Bioinformatics Analysis to Identify Intersection Genes, Associated Pathways and Therapeutic Drugs between COVID-19 and Oral Candidiasis

Author(s): Liuqing Yang, Nan Yang, Handan Huang, Jinling Yu, Xin Sui, Lu Tao, Ying Gao and Zhihui Liu*

Volume 26, Issue 8, 2023

Published on: 03 November, 2022

Page: [1533 - 1546] Pages: 14

DOI: 10.2174/1386207325666221007111239

Price: $65

Abstract

Background: Coronavirus disease 2019 (COVID-19), caused by severe acute respiratory syndrome coronavirus 2 (SARS-CoV-2), has a serious threat to human health. Oral candidiasis (OC) may be one of the causes of morbidity in severe COVID-19 patients. However, there is currently no treatment for oral candidiasis and COVID-19 (OC/COVID-19). The purpose of this study was to use text mining and data analysis to investigate the target genes for treatment and explore potential therapeutic drugs for OC/COVID-19.

Methods: We used the text mining tool pubmed2ensembl to detect genes associated with OC, and the dataset GSE164805 was used for the data analysis. Then, Gene Ontology (GO) and Kyoto Encyclopedia of Genes and Genomes (KEGG) analyses were performed on two intersection genes using the Database of Annotation, Visualization and Integrated Discovery (DAVID) platform. The protein-protein interaction (PPI) networks were constructed by STRING software, and gene module analysis was performed using Molecular Complex Detection (MCODE), a plug-in in Cytoscape. The most significant genes were selected as hub genes and their functions and pathways were analyzed using Metascape. We revealed the upstream pathway activity of the hub genes. The drug-gene interaction database (DGIdb) and the traditional Chinese medicines integrated database (TCMID) were used to discover potential drugs for the treatment of OC/COVID-19.

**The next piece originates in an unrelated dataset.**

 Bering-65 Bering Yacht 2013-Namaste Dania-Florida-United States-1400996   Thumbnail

Results: The analysis indicated that there were 2869 differentially expressed genes (DEGs) in GSE164805. We identified 161 unique genes associated with oral candidiasis through text mining. A total of 20 intersection genes were identified as the therapeutic targets for OC/COVID-19. Based on the bioinformatics analysis, nine genes (TNF, IL1B, IFNG, CSF2, ELANE, CCL2, MMP9, CXCR4, and IL1A) were identified as hub genes that were mainly enriched in the IL-17 signaling pathway, TNF signaling pathway, AGE-RAGE signaling pathway in diabetic complications and NOD-like receptor signaling pathway. We identified four of the nine genes that target five existing drugs, including BKT140, mavorixafor, sivelestat, canakinumab, and rilonacept. Furthermore, twenty herb ingredients were also screened as potential drugs.

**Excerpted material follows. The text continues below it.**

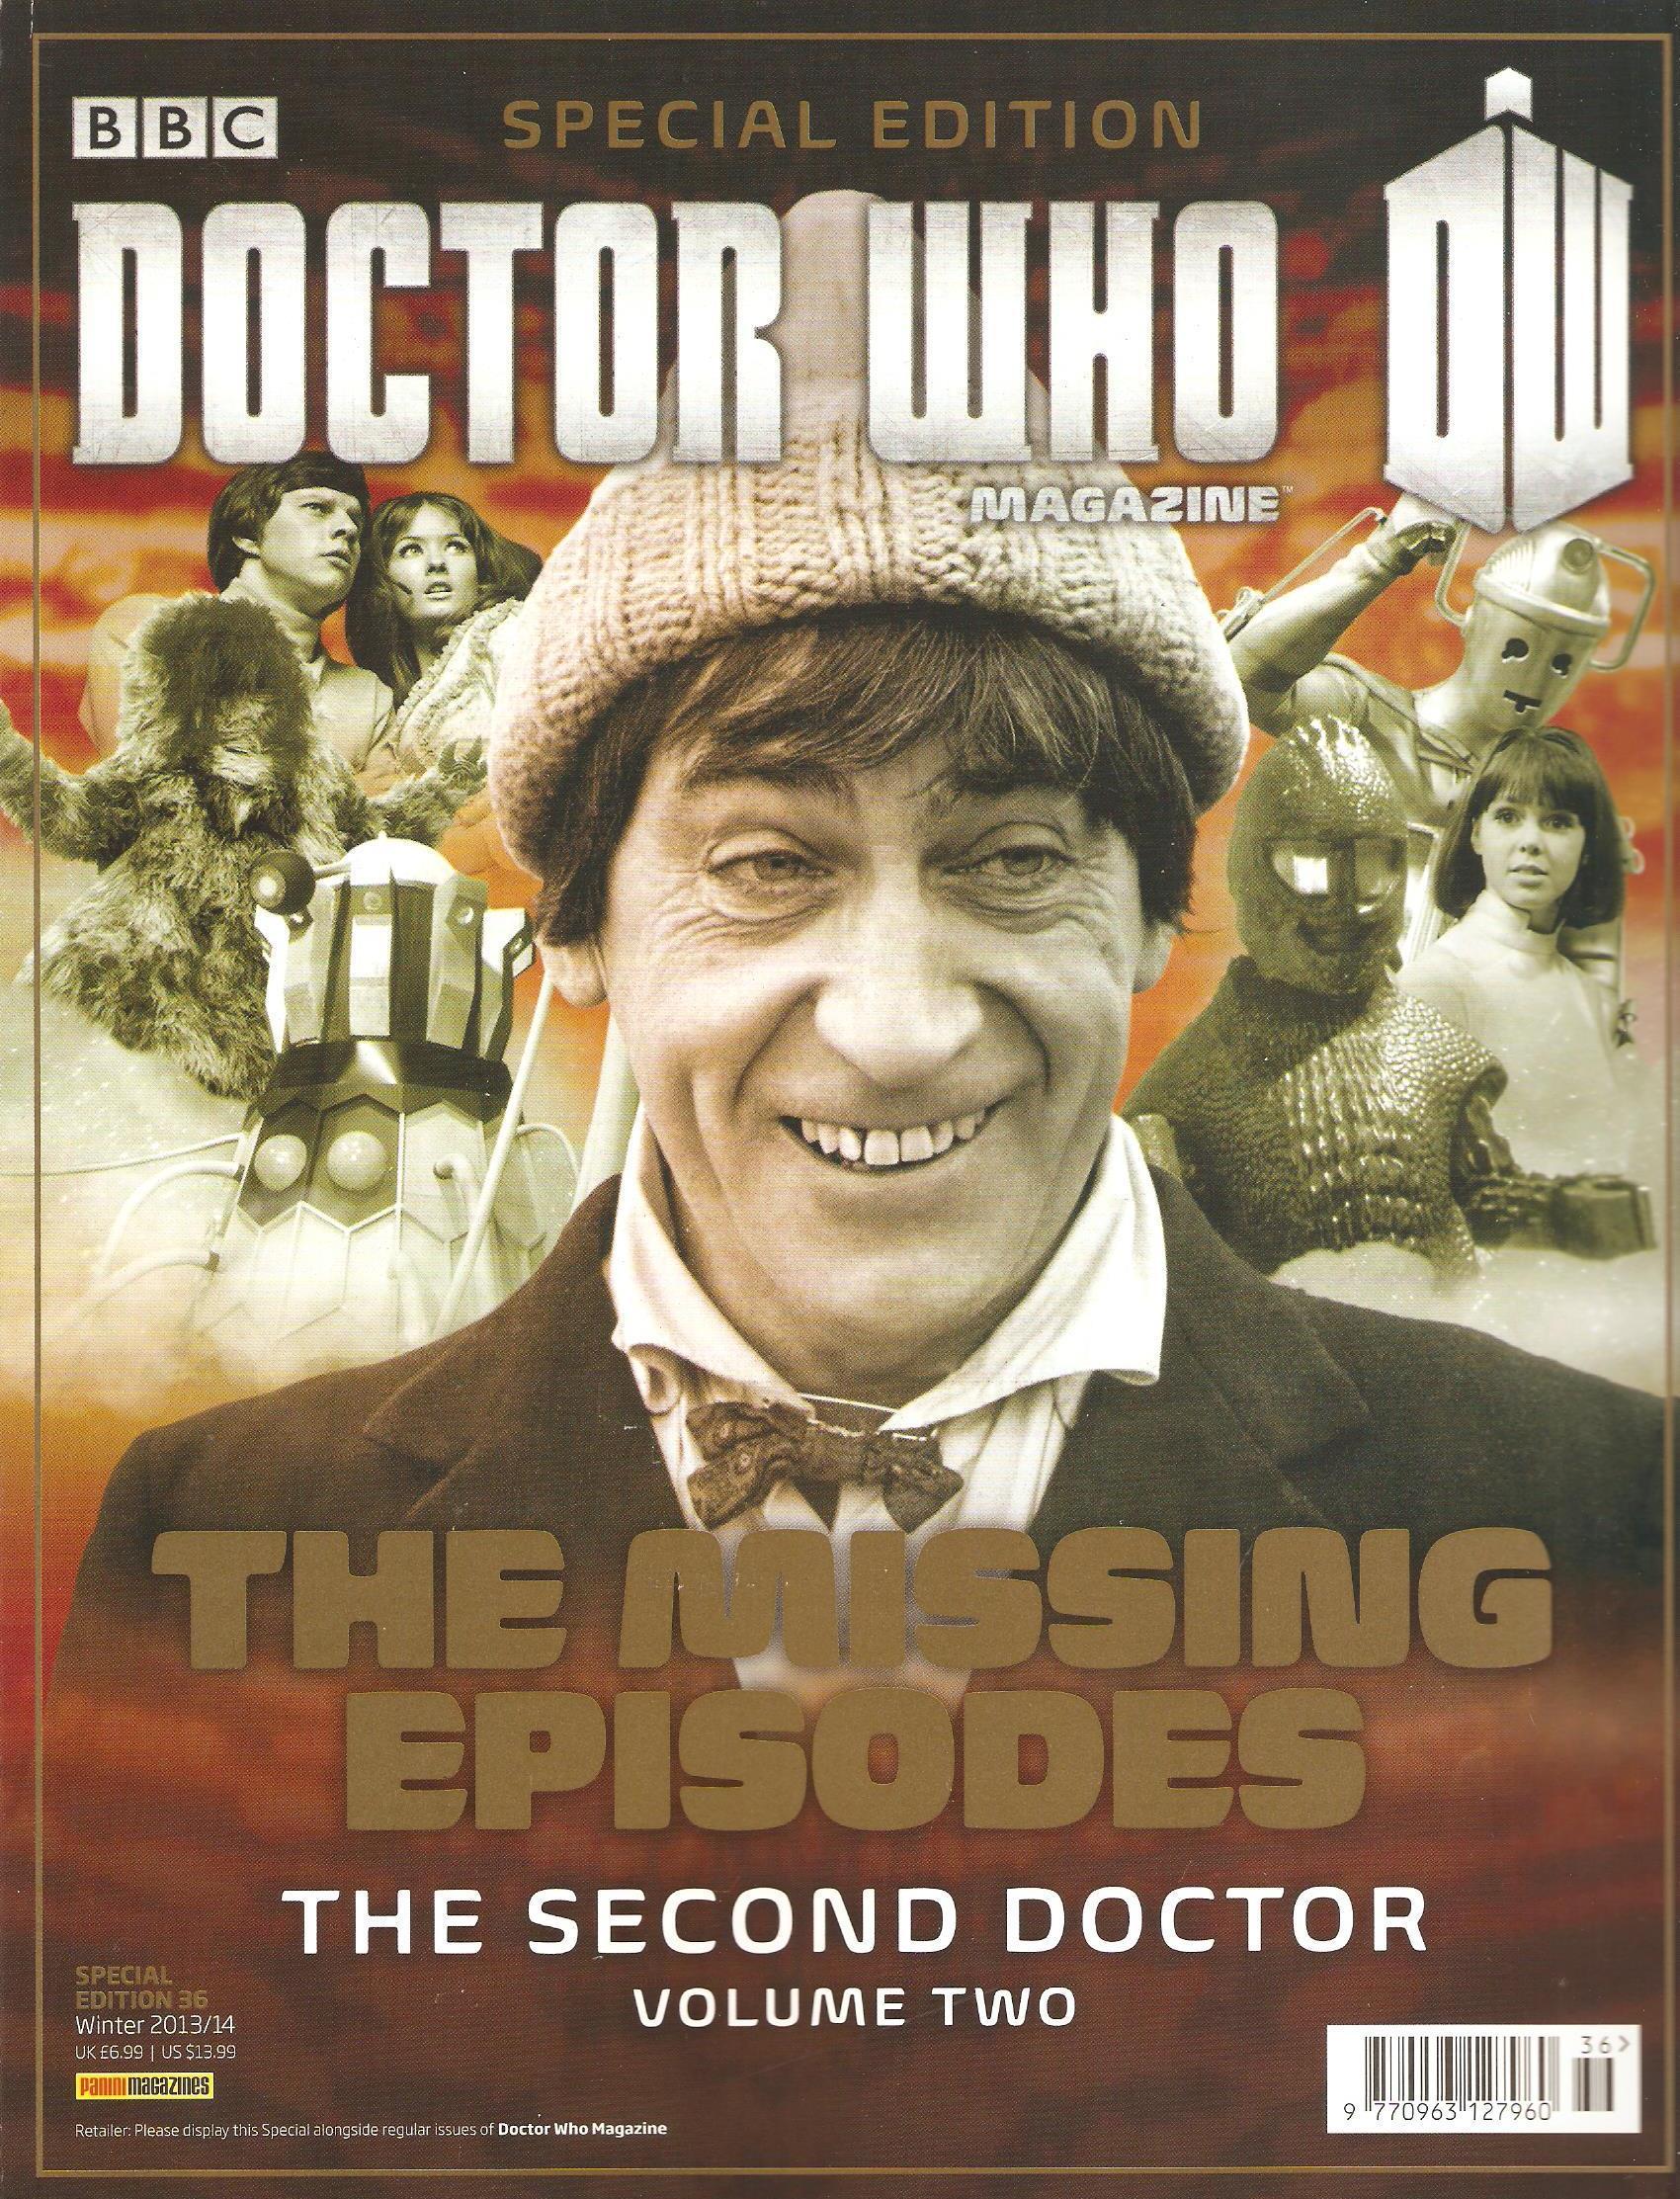 Dwm se missing episodes second doctor volume two

Conclusion: In this study, TNF, IL1B, IFNG, CSF2, ELANE, CCL2, MMP9, CXCR4, and IL1A were potentially key genes involved in the treatment of OC/COVID-19. Taken together five drugs and twenty herb ingredients were identified as potential therapeutic agents for OC/COVID-19 treatment and management.

Keywords: Text mining, bioinformatics, drug discovery, oral candidiasis, COVID-19, differentially expressed genes (DEGs).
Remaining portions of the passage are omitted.